INSTRUCTIONS TO FOLLOW:
The reader should set down exactly the lines from the one containing "Vinacafé khiến người" through the last line of the material, omitting every picture.

DATA EXTRACT:
= = =
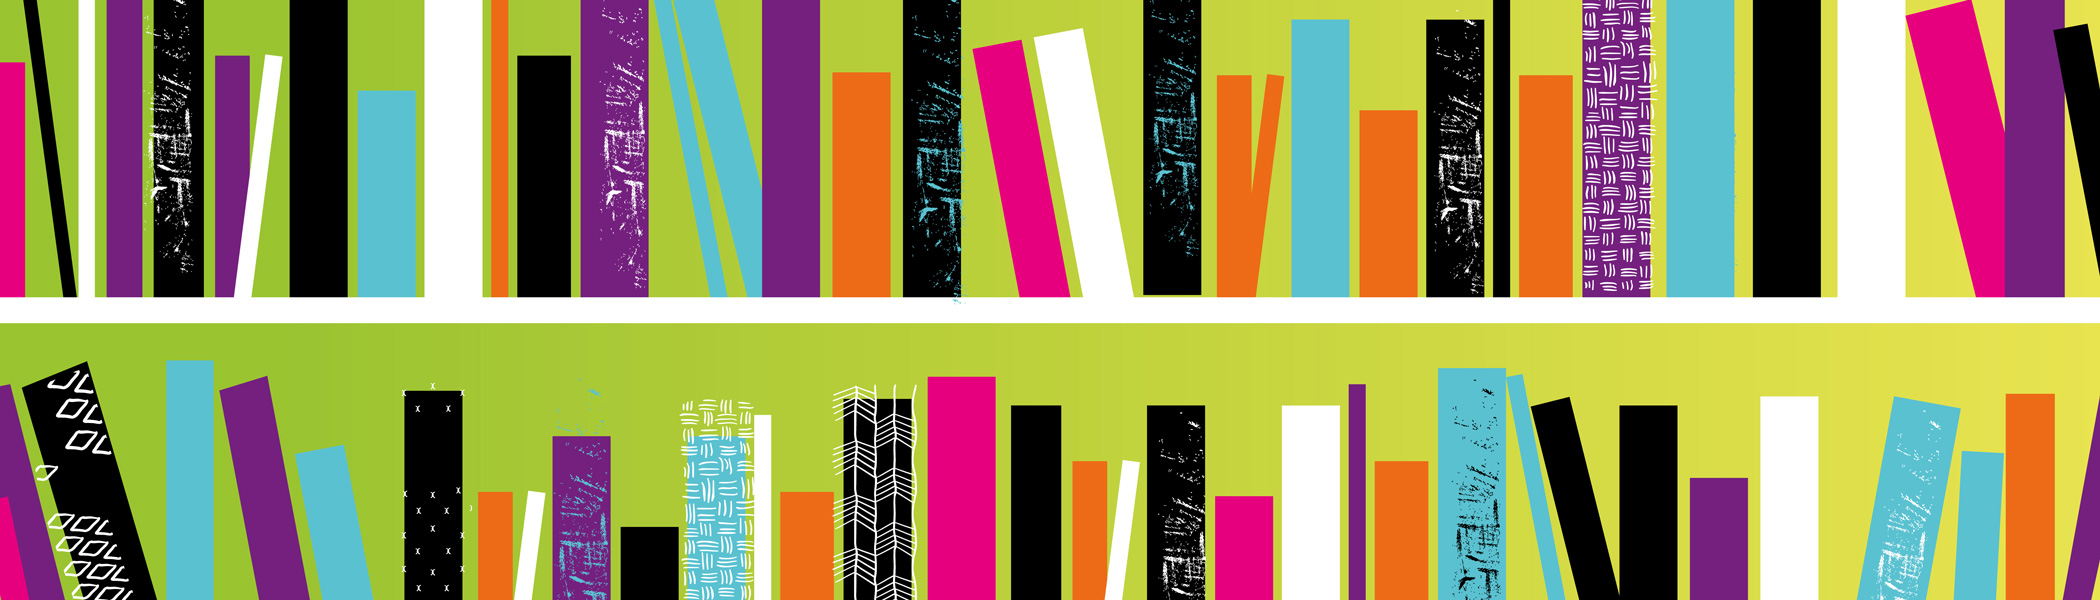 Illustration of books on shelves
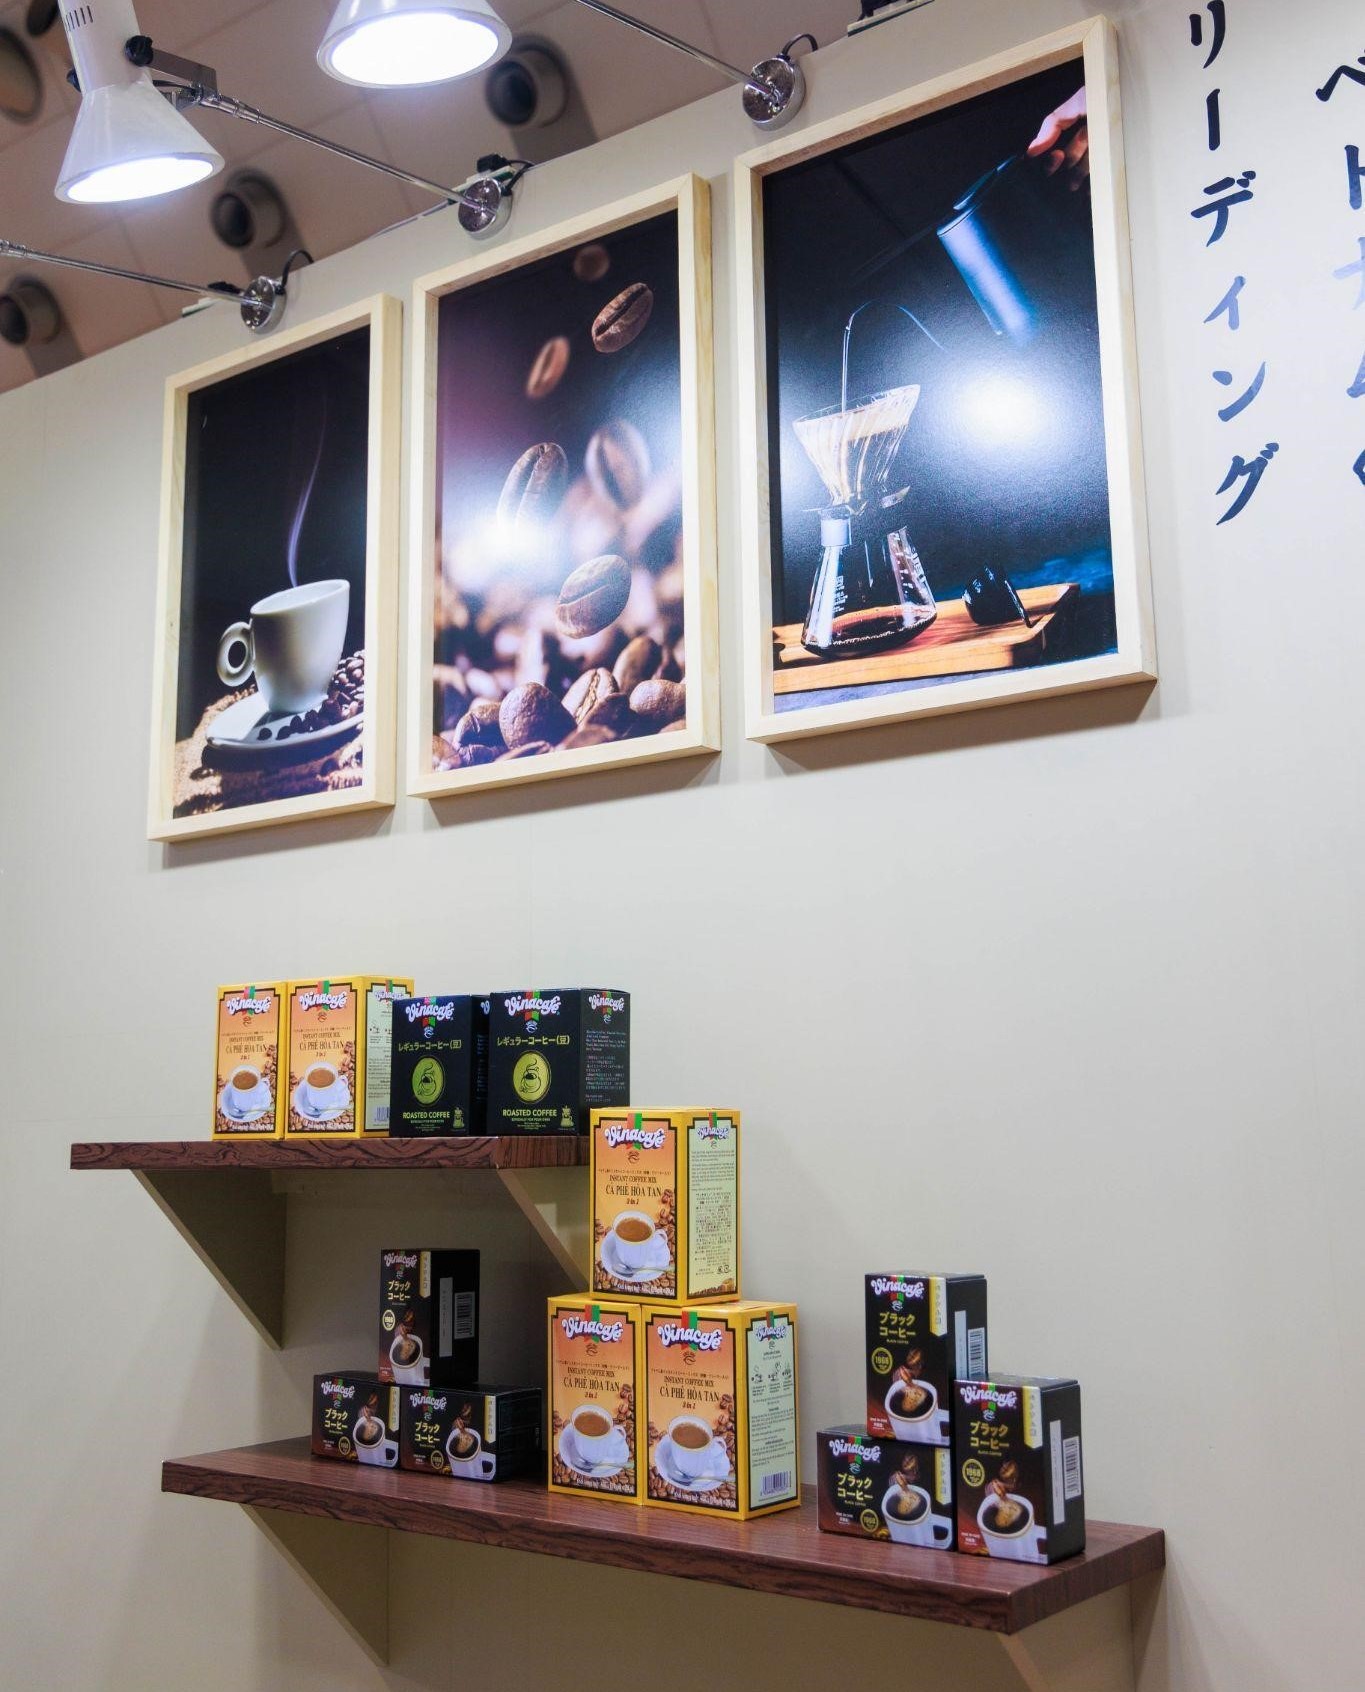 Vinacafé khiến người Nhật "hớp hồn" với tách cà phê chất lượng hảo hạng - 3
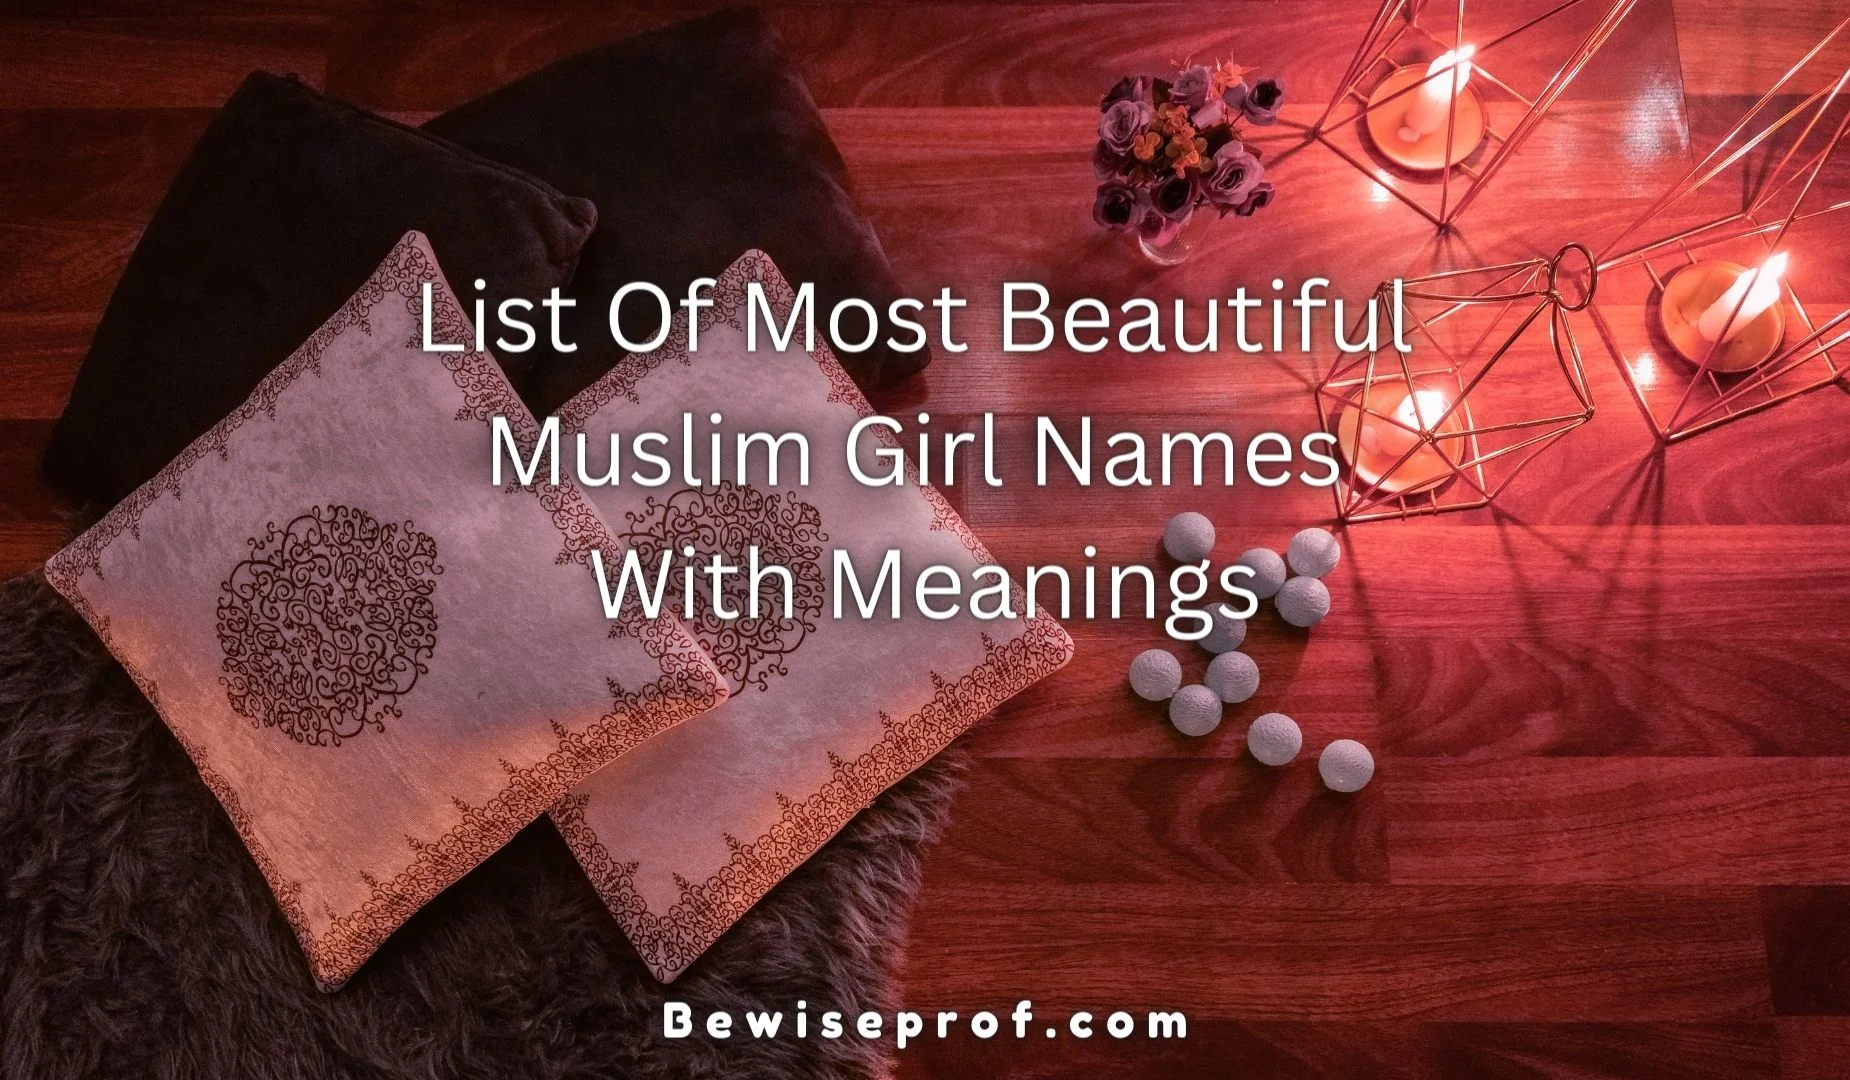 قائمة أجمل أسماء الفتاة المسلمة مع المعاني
= = =
EXERCISE SOLUTION:
 Vinacafé khiến người Nhật "hớp hồn" với tách cà phê chất lượng hảo hạng - 3
 قائمة أجمل أسماء الفتاة المسلمة مع المعاني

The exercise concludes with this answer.